++++ Data segment ++++
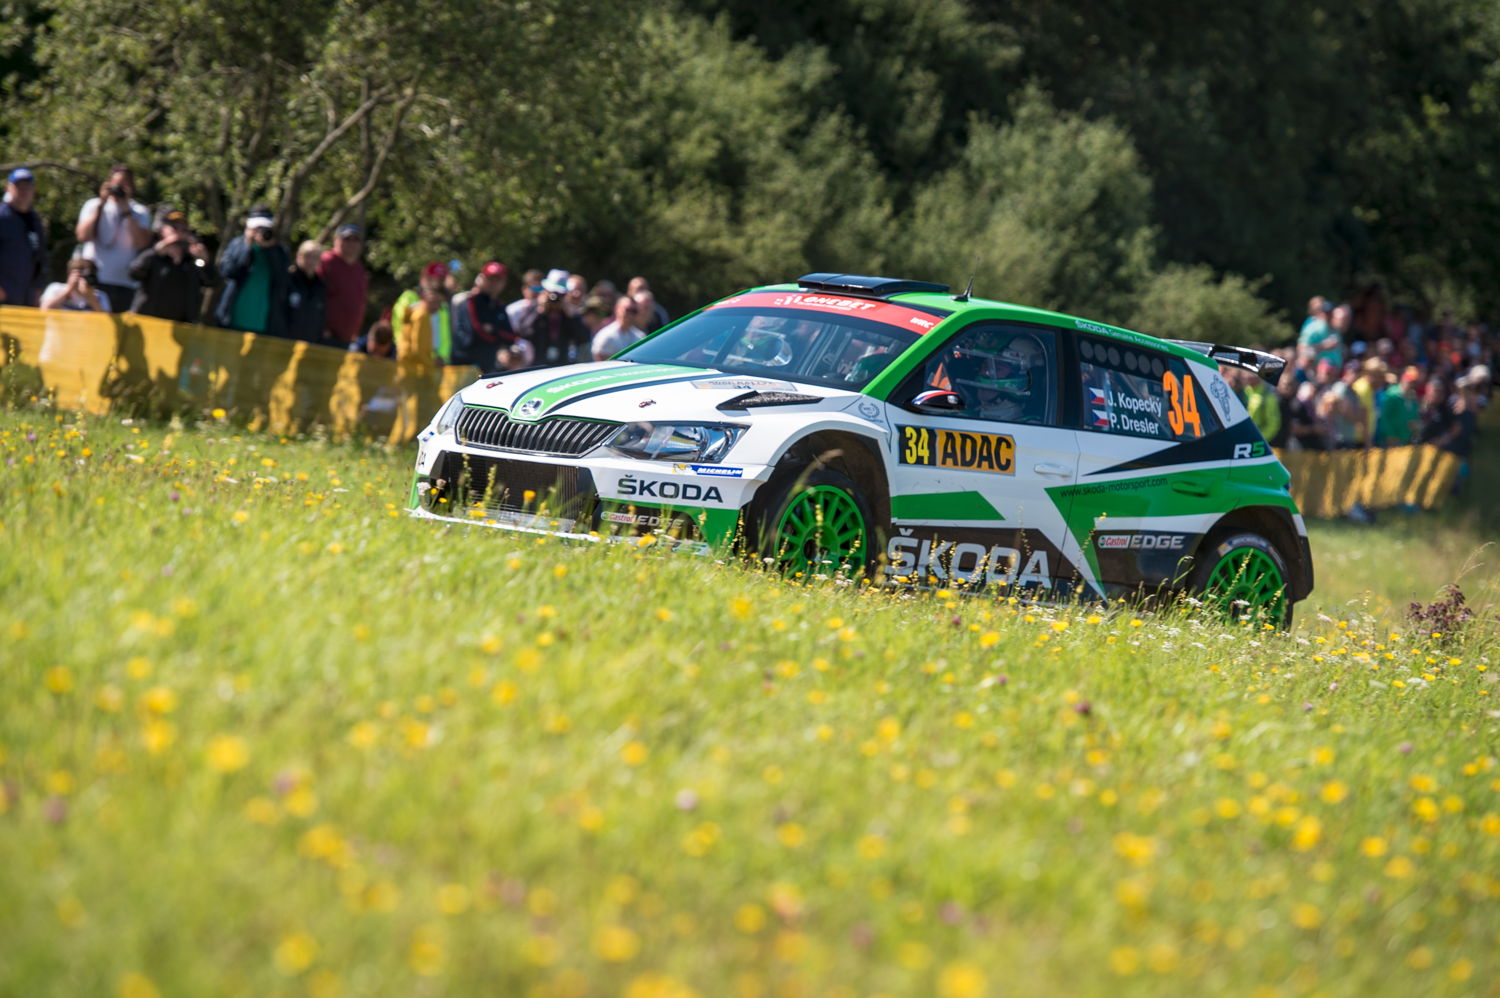 After five wins in a row at Czech Rally Championship, Jan Kopecký and Pavel Dresler (CZE/CZE), driving a ŠKODA FABIA R5, come as reigning champions to Barum Czech Rally Zlín.
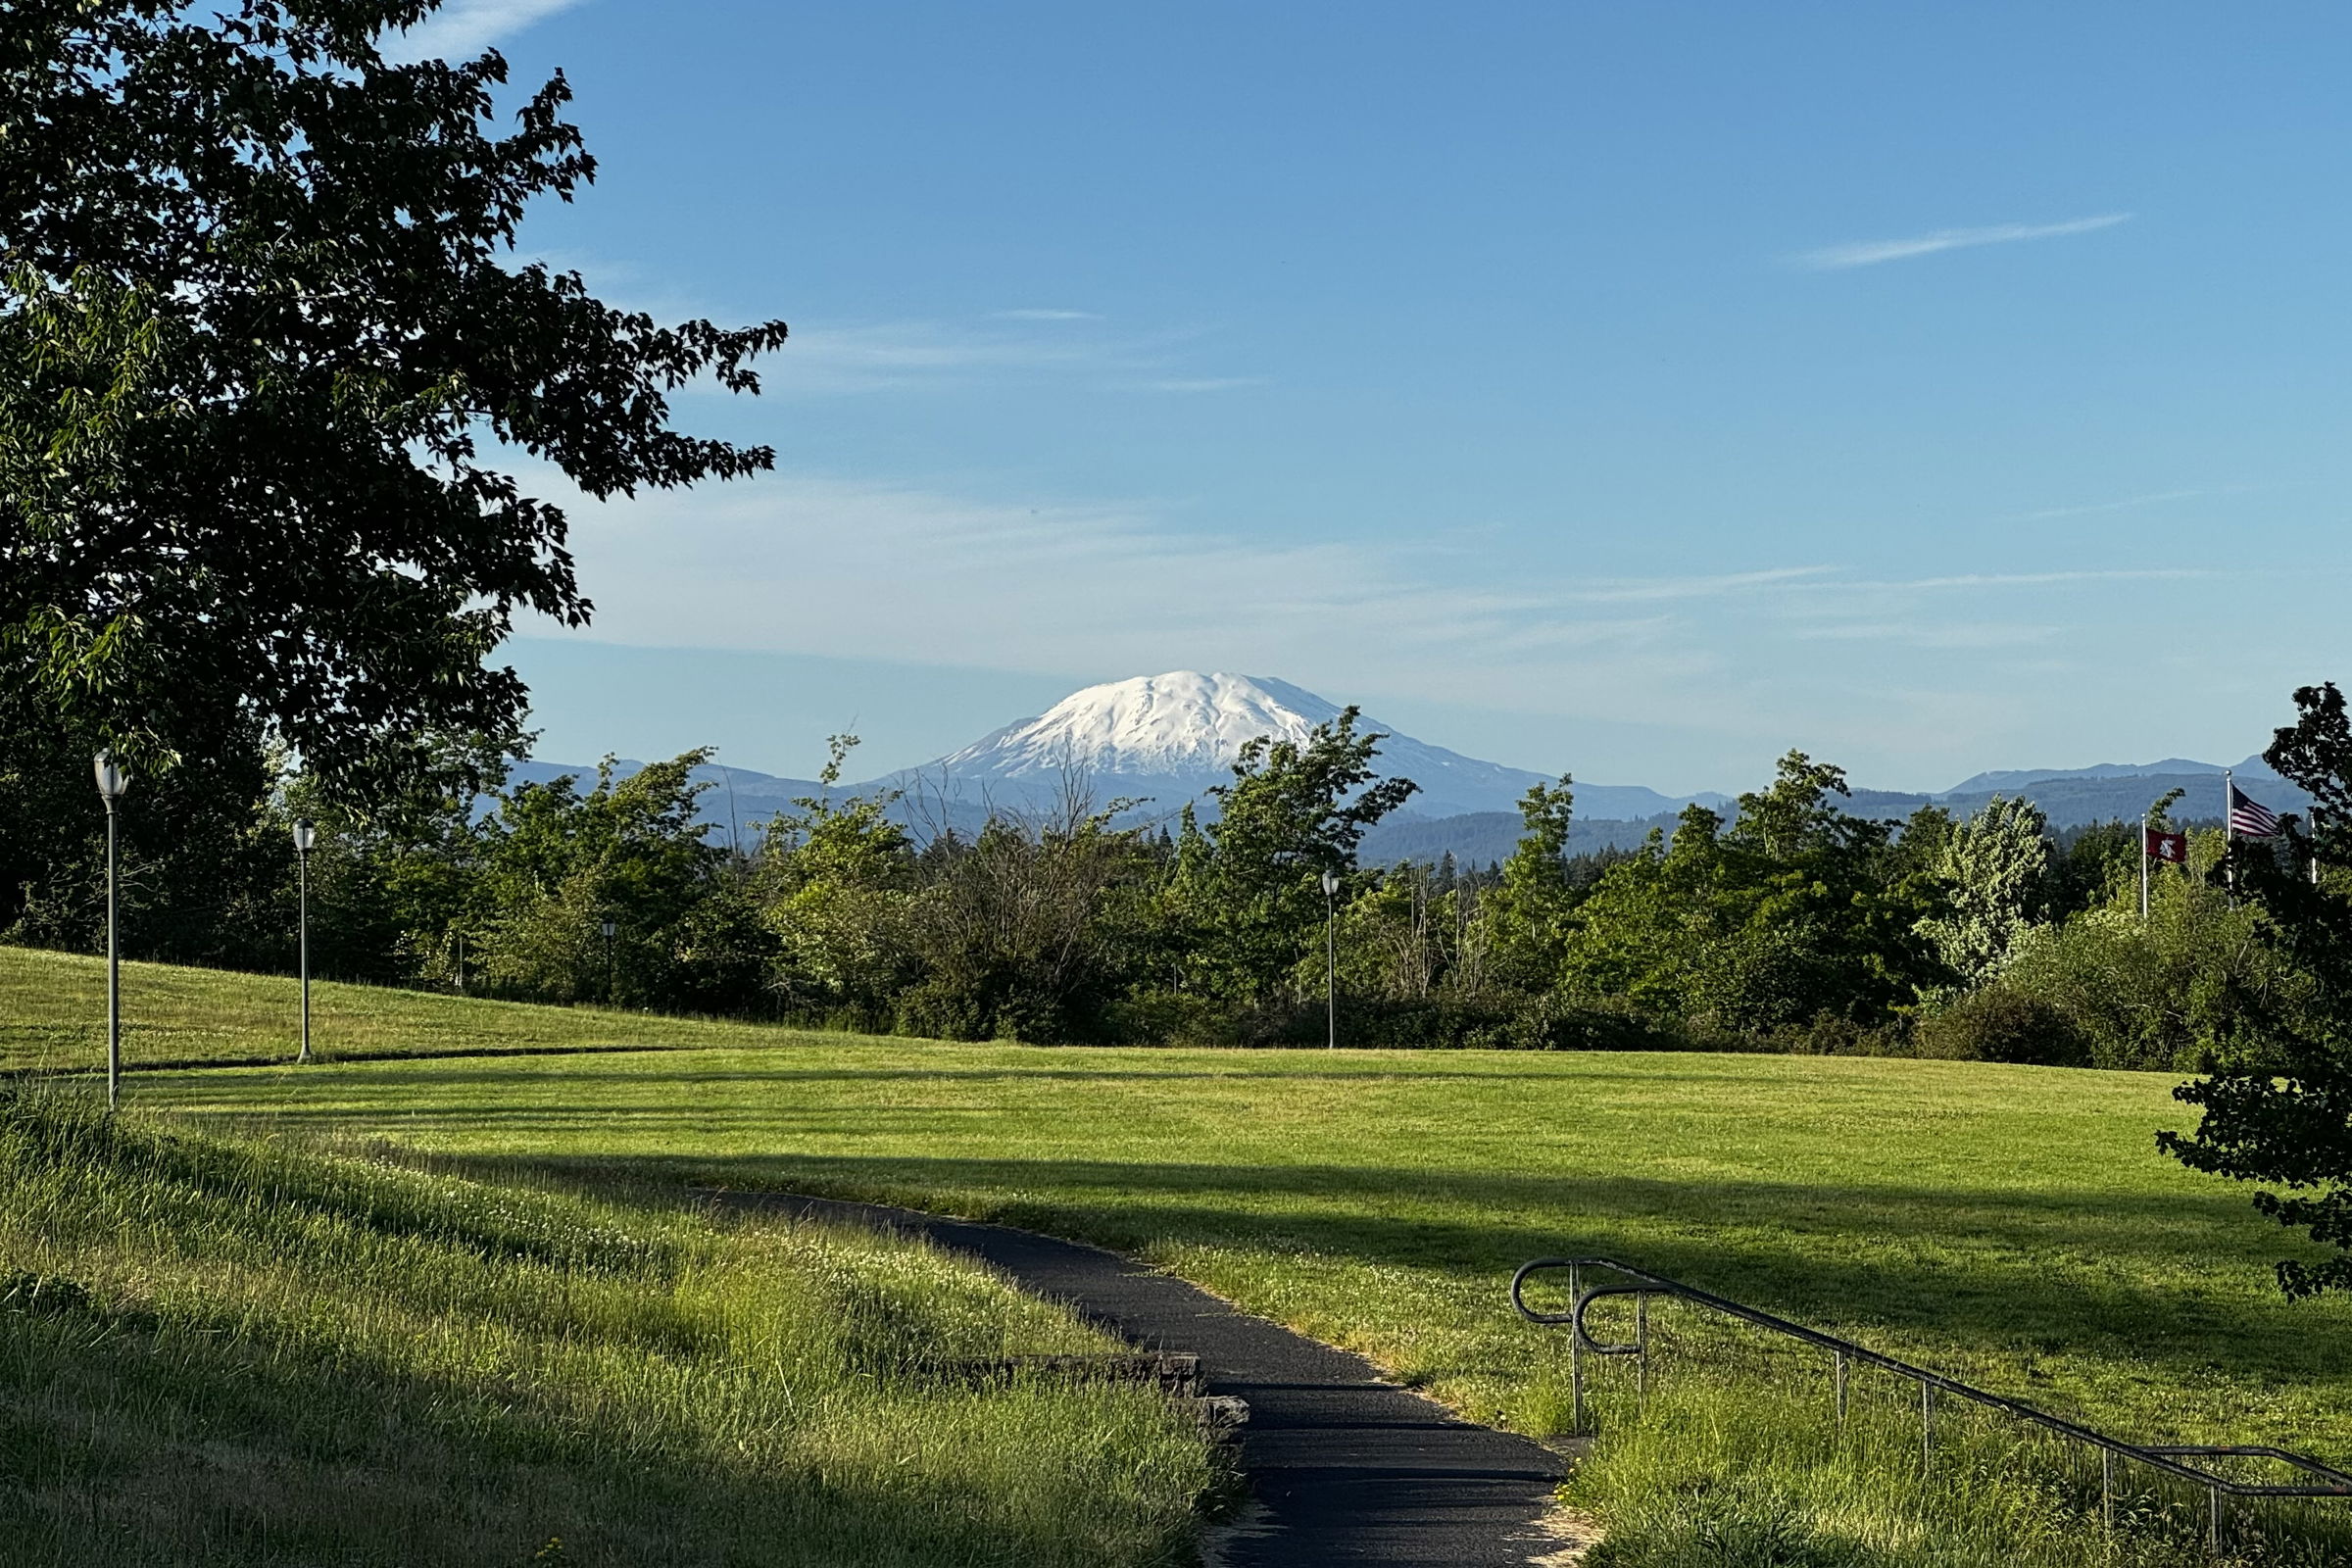 Snow-capped mountain in the distance under a clear blue sky, framed by lush green trees and a well-manicured park in the foreground with a winding path leading towards the mountain.
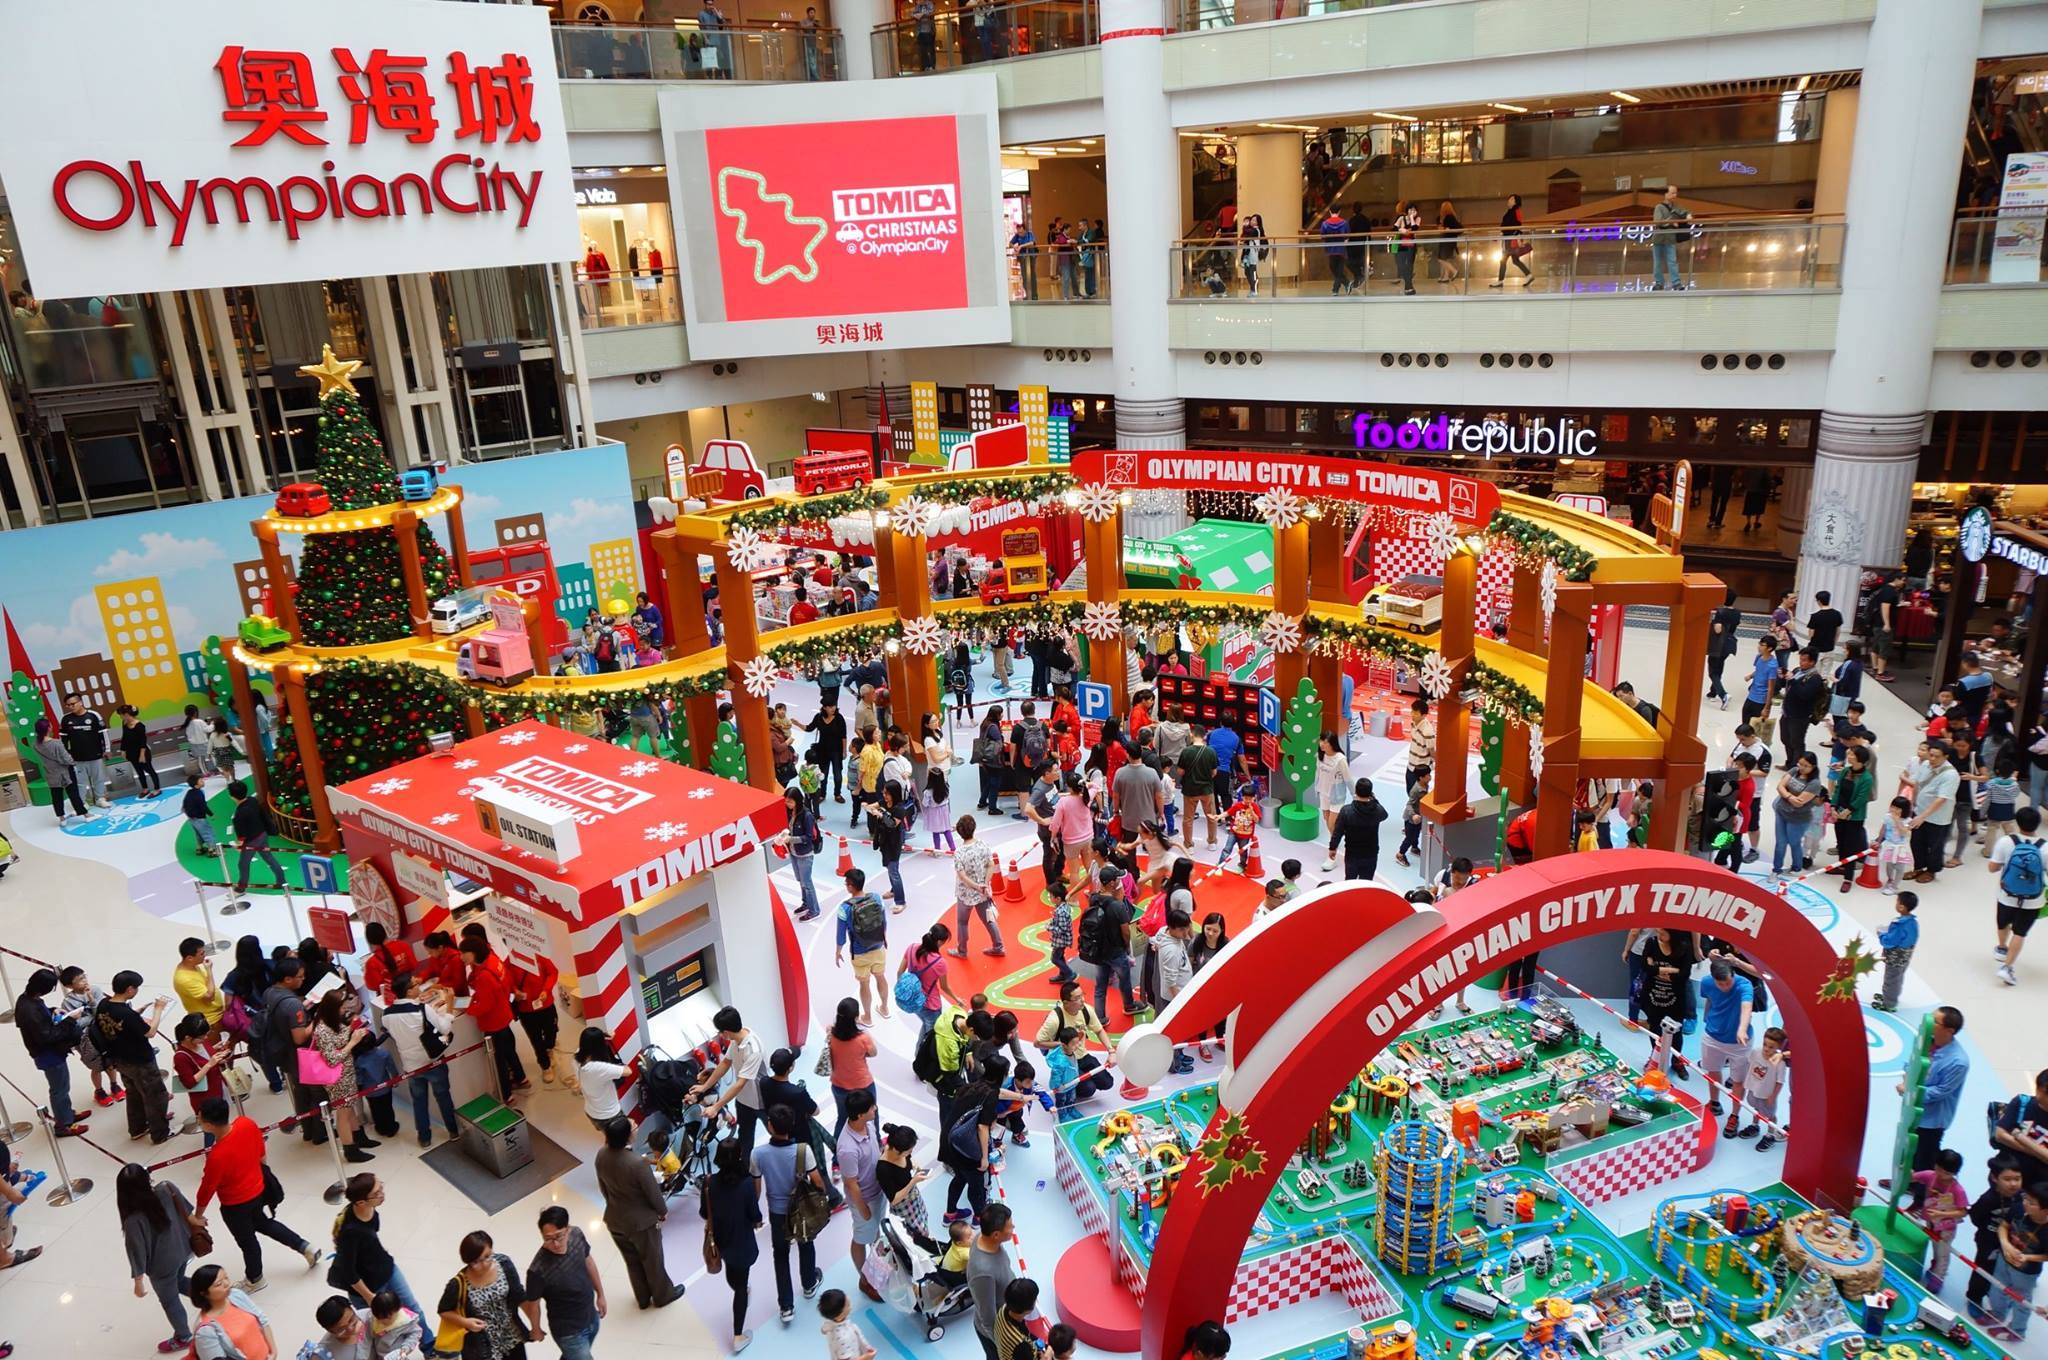 Hong Kong Shopping mall Christmas exhibitions 2015, TOMICA Christmas Paradise Hong Kong 2015,TOMICA Christmas Paradise December 2015 Hong Kong,shopping mall in Hong Kong 2015,2015 Christmas shopping recommend,Shopping party in Hong Kong 2015,Hong Kong shopping street 2015,Hong Kong shopping malls,Hong Kong shopping price 2015,Hong Kong shopping festival 2015,Hong Kong shopping cheap 2015,Hong Kong Shopping mall Christmas exhibitions 2015,Xmas shopping trip 2015,Xmas shopping 2015 Hong Kong,Xmas shopping online 2015,Xmas shopping ideas 2015,Xmas shopping list 2015,Xmas shopping games 2015,Xmas shopping bag 2015,Xmas shopping Hong Kong 2015,Xmas shopping UK 2015,Xmas shopping london 2015,TOMICA Christmas Paradise,TOMICA unique design alloy car,TOMICA with Olympian City Christmas Hong Kong 2015,TOMICA with Island Resort Mall Christmas Hong Kong 2015,
++++
Copy only what lies between the start of the listing above and the line containing "Snow-capped mountain in", inclusive of both ends, exactly as written, and drop the pictures.

 After five wins in a row at Czech Rally Championship, Jan Kopecký and Pavel Dresler (CZE/CZE), driving a ŠKODA FABIA R5, come as reigning champions to Barum Czech Rally Zlín.
 Snow-capped mountain in the distance under a clear blue sky, framed by lush green trees and a well-manicured park in the foreground with a winding path leading towards the mountain.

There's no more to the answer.